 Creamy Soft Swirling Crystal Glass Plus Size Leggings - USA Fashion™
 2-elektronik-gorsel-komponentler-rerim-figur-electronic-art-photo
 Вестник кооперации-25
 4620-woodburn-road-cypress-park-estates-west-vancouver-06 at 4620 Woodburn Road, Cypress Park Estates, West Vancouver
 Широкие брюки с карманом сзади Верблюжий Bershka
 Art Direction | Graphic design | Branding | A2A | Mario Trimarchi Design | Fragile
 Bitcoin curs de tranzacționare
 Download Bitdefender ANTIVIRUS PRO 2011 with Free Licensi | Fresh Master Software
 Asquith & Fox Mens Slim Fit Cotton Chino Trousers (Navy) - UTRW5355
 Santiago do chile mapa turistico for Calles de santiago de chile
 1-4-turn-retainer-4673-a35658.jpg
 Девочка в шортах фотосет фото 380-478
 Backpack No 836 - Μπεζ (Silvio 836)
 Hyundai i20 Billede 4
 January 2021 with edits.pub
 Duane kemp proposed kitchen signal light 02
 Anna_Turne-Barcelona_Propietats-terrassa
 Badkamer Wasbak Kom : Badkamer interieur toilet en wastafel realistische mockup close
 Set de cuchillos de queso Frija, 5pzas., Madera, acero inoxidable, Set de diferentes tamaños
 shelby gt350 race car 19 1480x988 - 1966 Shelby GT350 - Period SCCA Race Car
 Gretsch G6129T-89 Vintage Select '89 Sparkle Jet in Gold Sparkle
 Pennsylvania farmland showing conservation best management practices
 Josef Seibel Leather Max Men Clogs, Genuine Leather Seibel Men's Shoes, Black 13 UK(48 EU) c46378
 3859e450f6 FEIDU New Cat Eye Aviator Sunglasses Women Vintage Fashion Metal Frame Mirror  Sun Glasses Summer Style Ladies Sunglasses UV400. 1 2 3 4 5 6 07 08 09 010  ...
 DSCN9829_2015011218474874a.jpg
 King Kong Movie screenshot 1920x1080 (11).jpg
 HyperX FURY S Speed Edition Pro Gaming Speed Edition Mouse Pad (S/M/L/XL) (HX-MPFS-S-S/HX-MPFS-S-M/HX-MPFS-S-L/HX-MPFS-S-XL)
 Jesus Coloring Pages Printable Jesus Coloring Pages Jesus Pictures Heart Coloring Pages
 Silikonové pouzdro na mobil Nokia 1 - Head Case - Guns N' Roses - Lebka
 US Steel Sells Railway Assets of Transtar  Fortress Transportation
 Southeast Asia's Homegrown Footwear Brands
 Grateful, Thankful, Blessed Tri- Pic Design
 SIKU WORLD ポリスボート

[The task]
Would you print exactly and only the lines of the material above that run from the line with "Gretsch G6129T-89 Vintage" through the line with "Jesus Coloring Pages Printable", both included?

[Your solution]
 Gretsch G6129T-89 Vintage Select '89 Sparkle Jet in Gold Sparkle
 Pennsylvania farmland showing conservation best management practices
 Josef Seibel Leather Max Men Clogs, Genuine Leather Seibel Men's Shoes, Black 13 UK(48 EU) c46378
 3859e450f6 FEIDU New Cat Eye Aviator Sunglasses Women Vintage Fashion Metal Frame Mirror  Sun Glasses Summer Style Ladies Sunglasses UV400. 1 2 3 4 5 6 07 08 09 010  ...
 DSCN9829_2015011218474874a.jpg
 King Kong Movie screenshot 1920x1080 (11).jpg
 HyperX FURY S Speed Edition Pro Gaming Speed Edition Mouse Pad (S/M/L/XL) (HX-MPFS-S-S/HX-MPFS-S-M/HX-MPFS-S-L/HX-MPFS-S-XL)
 Jesus Coloring Pages Printable Jesus Coloring Pages Jesus Pictures Heart Coloring Pages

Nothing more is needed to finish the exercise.